BEGIN Available records

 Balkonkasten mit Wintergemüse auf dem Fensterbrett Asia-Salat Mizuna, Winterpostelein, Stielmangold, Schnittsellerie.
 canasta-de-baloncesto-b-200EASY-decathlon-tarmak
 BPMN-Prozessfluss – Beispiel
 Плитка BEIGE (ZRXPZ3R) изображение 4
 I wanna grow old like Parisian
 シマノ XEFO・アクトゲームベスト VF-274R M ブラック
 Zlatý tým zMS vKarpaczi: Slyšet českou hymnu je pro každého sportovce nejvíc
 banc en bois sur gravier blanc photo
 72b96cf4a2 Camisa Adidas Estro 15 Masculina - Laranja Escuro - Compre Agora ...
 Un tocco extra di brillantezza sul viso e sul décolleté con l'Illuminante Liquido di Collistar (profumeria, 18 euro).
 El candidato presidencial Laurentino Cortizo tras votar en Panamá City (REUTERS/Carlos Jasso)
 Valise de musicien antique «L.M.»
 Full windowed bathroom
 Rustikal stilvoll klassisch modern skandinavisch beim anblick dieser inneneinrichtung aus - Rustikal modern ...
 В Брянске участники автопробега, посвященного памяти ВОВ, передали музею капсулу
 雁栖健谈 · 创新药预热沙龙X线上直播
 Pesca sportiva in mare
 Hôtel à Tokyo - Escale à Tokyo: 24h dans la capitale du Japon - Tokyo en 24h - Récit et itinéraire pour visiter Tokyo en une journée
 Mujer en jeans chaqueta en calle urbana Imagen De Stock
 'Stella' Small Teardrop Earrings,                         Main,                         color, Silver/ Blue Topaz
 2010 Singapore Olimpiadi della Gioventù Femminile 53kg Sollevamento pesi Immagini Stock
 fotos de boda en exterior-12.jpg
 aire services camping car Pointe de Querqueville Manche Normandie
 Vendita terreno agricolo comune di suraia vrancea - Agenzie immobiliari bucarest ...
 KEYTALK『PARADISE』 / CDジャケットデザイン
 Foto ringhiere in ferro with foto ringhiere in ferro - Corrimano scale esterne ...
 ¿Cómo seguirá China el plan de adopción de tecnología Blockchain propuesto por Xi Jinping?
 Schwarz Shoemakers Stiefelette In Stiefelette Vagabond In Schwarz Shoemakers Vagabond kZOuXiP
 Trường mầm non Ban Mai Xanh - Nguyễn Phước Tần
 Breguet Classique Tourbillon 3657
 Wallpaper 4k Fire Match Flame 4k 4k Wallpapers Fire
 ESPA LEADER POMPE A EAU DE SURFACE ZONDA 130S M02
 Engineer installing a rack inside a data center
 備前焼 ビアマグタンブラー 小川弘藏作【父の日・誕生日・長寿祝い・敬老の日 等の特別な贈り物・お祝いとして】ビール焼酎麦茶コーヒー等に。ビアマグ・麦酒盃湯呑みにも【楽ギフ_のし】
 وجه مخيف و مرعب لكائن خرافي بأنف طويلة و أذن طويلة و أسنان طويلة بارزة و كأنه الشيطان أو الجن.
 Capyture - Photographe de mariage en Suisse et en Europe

END Available records

- [Prompt]: Exact reproduction of every entry is needed.

- [Response to this task]:
 Balkonkasten mit Wintergemüse auf dem Fensterbrett Asia-Salat Mizuna, Winterpostelein, Stielmangold, Schnittsellerie.
 canasta-de-baloncesto-b-200EASY-decathlon-tarmak
 BPMN-Prozessfluss – Beispiel
 Плитка BEIGE (ZRXPZ3R) изображение 4
 I wanna grow old like Parisian
 シマノ XEFO・アクトゲームベスト VF-274R M ブラック
 Zlatý tým zMS vKarpaczi: Slyšet českou hymnu je pro každého sportovce nejvíc
 banc en bois sur gravier blanc photo
 72b96cf4a2 Camisa Adidas Estro 15 Masculina - Laranja Escuro - Compre Agora ...
 Un tocco extra di brillantezza sul viso e sul décolleté con l'Illuminante Liquido di Collistar (profumeria, 18 euro).
 El candidato presidencial Laurentino Cortizo tras votar en Panamá City (REUTERS/Carlos Jasso)
 Valise de musicien antique «L.M.»
 Full windowed bathroom
 Rustikal stilvoll klassisch modern skandinavisch beim anblick dieser inneneinrichtung aus - Rustikal modern ...
 В Брянске участники автопробега, посвященного памяти ВОВ, передали музею капсулу
 雁栖健谈 · 创新药预热沙龙X线上直播
 Pesca sportiva in mare
 Hôtel à Tokyo - Escale à Tokyo: 24h dans la capitale du Japon - Tokyo en 24h - Récit et itinéraire pour visiter Tokyo en une journée
 Mujer en jeans chaqueta en calle urbana Imagen De Stock
 'Stella' Small Teardrop Earrings,                         Main,                         color, Silver/ Blue Topaz
 2010 Singapore Olimpiadi della Gioventù Femminile 53kg Sollevamento pesi Immagini Stock
 fotos de boda en exterior-12.jpg
 aire services camping car Pointe de Querqueville Manche Normandie
 Vendita terreno agricolo comune di suraia vrancea - Agenzie immobiliari bucarest ...
 KEYTALK『PARADISE』 / CDジャケットデザイン
 Foto ringhiere in ferro with foto ringhiere in ferro - Corrimano scale esterne ...
 ¿Cómo seguirá China el plan de adopción de tecnología Blockchain propuesto por Xi Jinping?
 Schwarz Shoemakers Stiefelette In Stiefelette Vagabond In Schwarz Shoemakers Vagabond kZOuXiP
 Trường mầm non Ban Mai Xanh - Nguyễn Phước Tần
 Breguet Classique Tourbillon 3657
 Wallpaper 4k Fire Match Flame 4k 4k Wallpapers Fire
 ESPA LEADER POMPE A EAU DE SURFACE ZONDA 130S M02
 Engineer installing a rack inside a data center
 備前焼 ビアマグタンブラー 小川弘藏作【父の日・誕生日・長寿祝い・敬老の日 等の特別な贈り物・お祝いとして】ビール焼酎麦茶コーヒー等に。ビアマグ・麦酒盃湯呑みにも【楽ギフ_のし】
 وجه مخيف و مرعب لكائن خرافي بأنف طويلة و أذن طويلة و أسنان طويلة بارزة و كأنه الشيطان أو الجن.
 Capyture - Photographe de mariage en Suisse et en Europe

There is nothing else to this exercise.